◆ Problem description
Please give back the listing below word for word, without the images.

◆ Information supplied
____________________

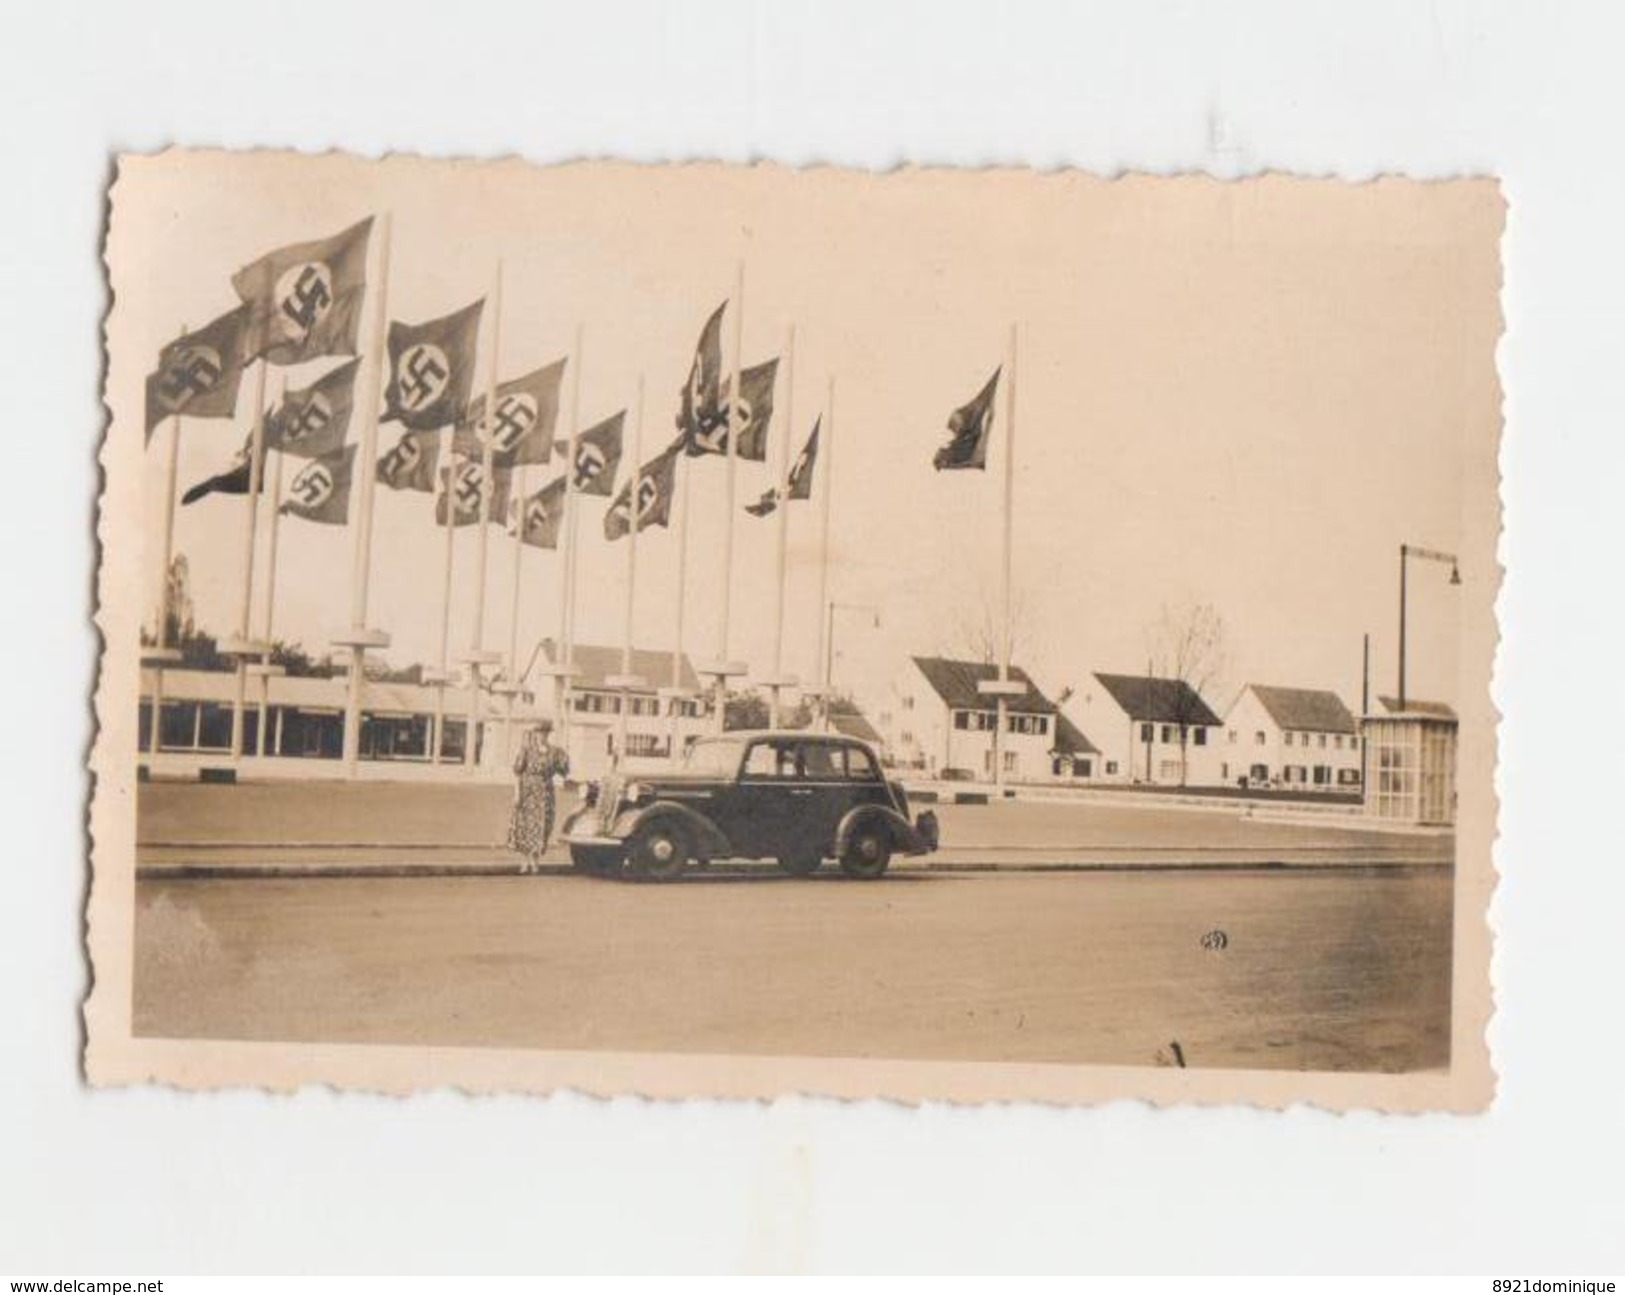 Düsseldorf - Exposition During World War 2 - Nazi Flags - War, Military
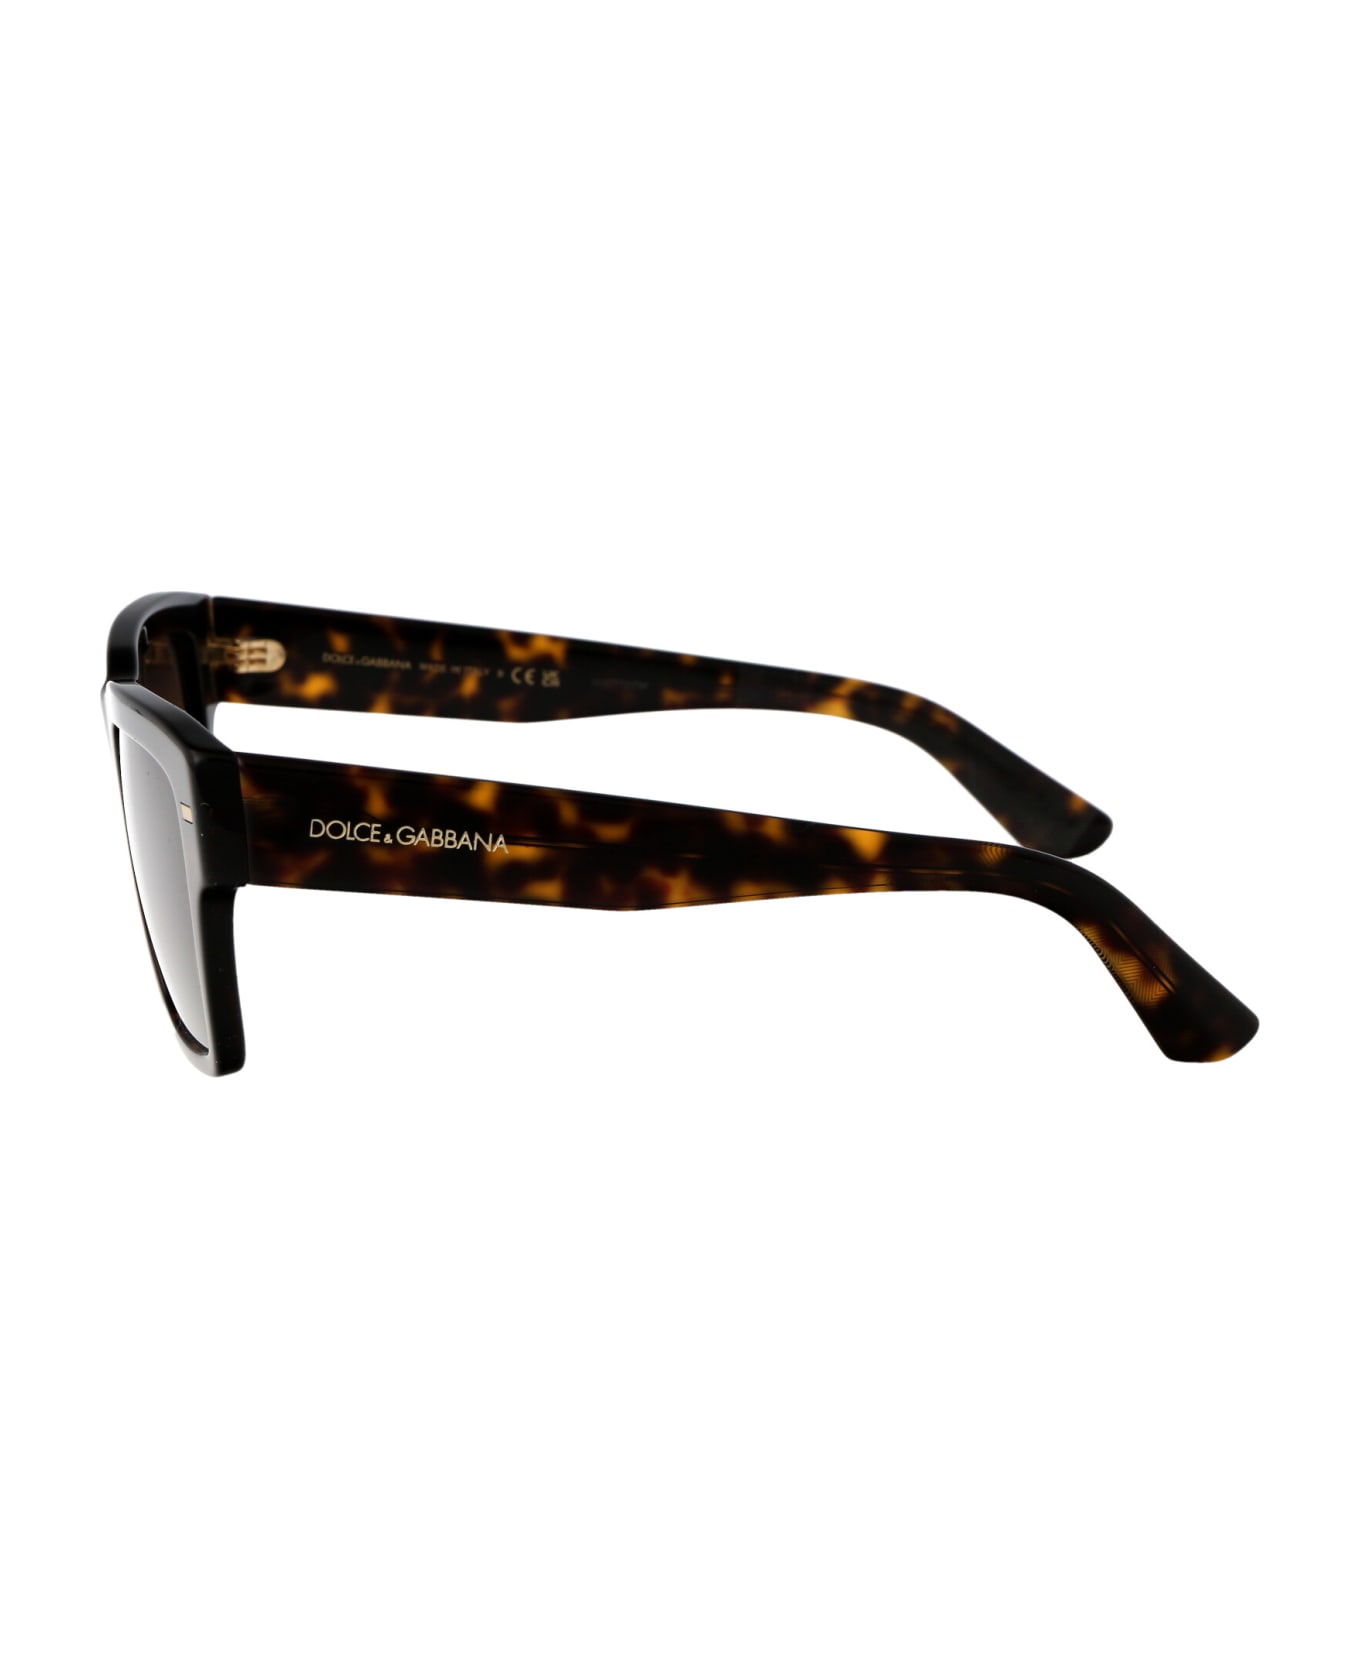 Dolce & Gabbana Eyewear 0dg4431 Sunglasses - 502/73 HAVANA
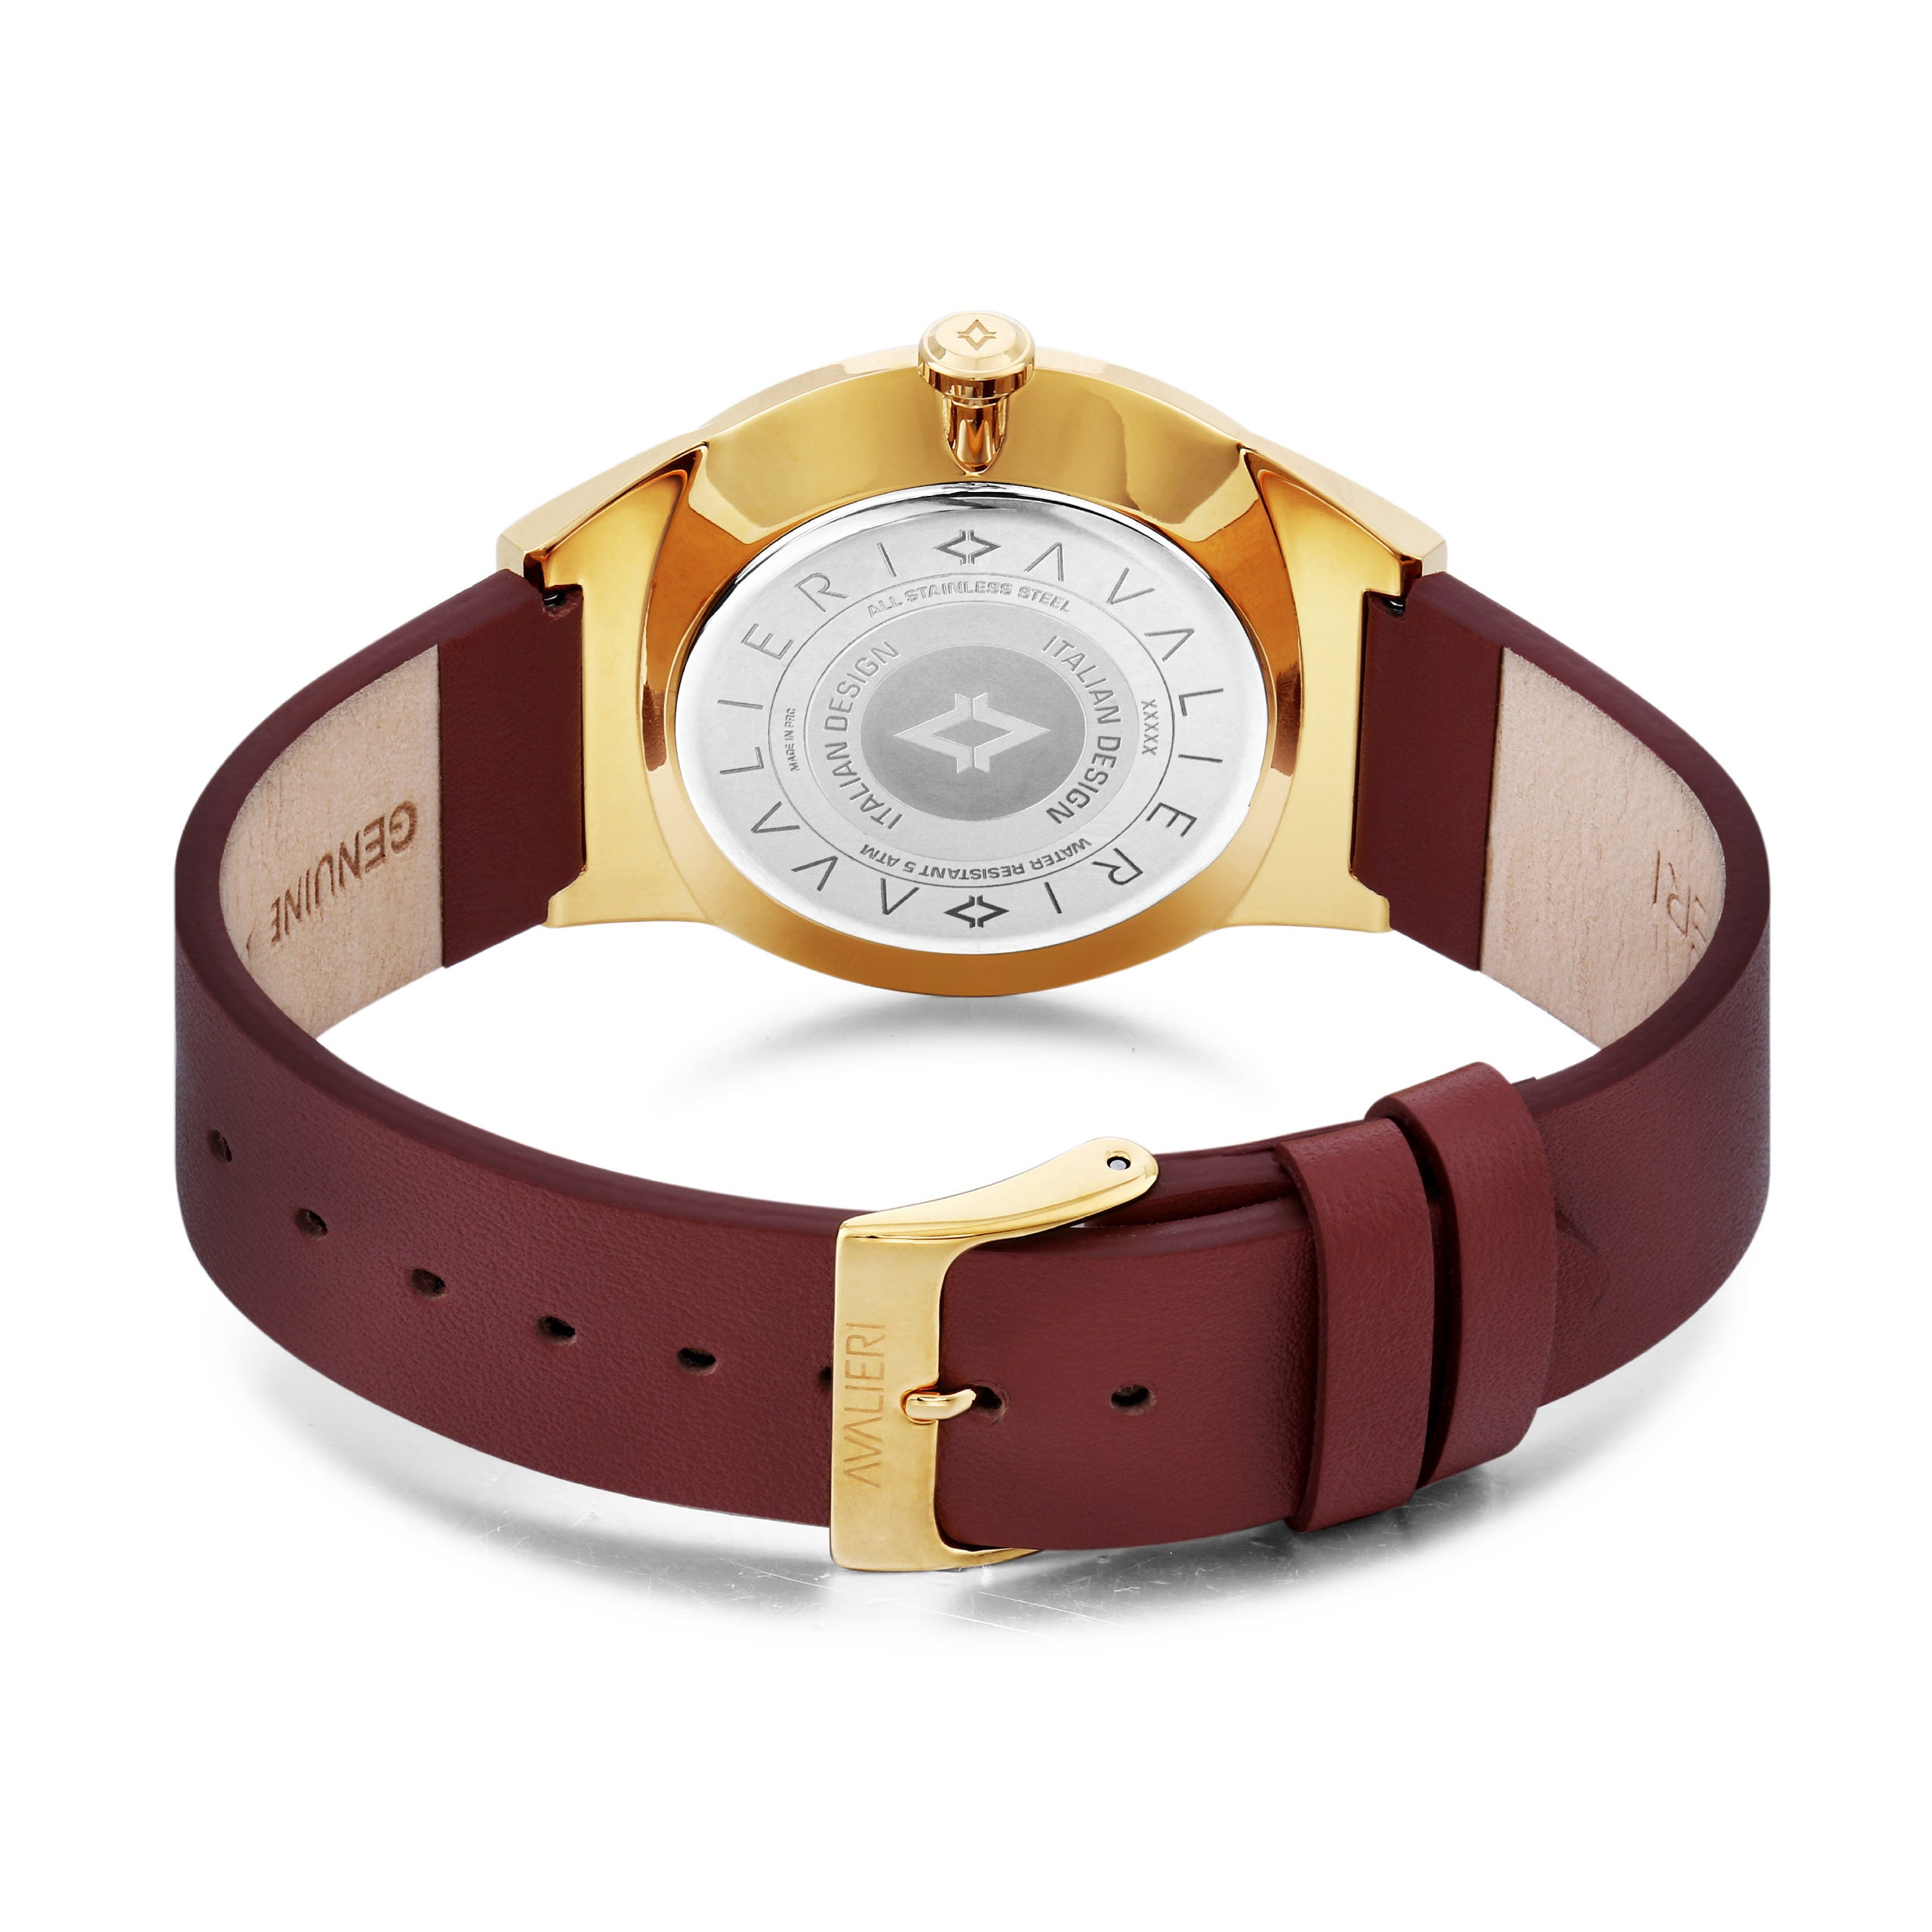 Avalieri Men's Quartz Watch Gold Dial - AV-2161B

____________________

◆ Solution to this problem
 Düsseldorf - Exposition During World War 2 - Nazi Flags - War, Military
 Dolce & Gabbana Eyewear 0dg4431 Sunglasses - 502/73 HAVANA
 Avalieri Men's Quartz Watch Gold Dial - AV-2161B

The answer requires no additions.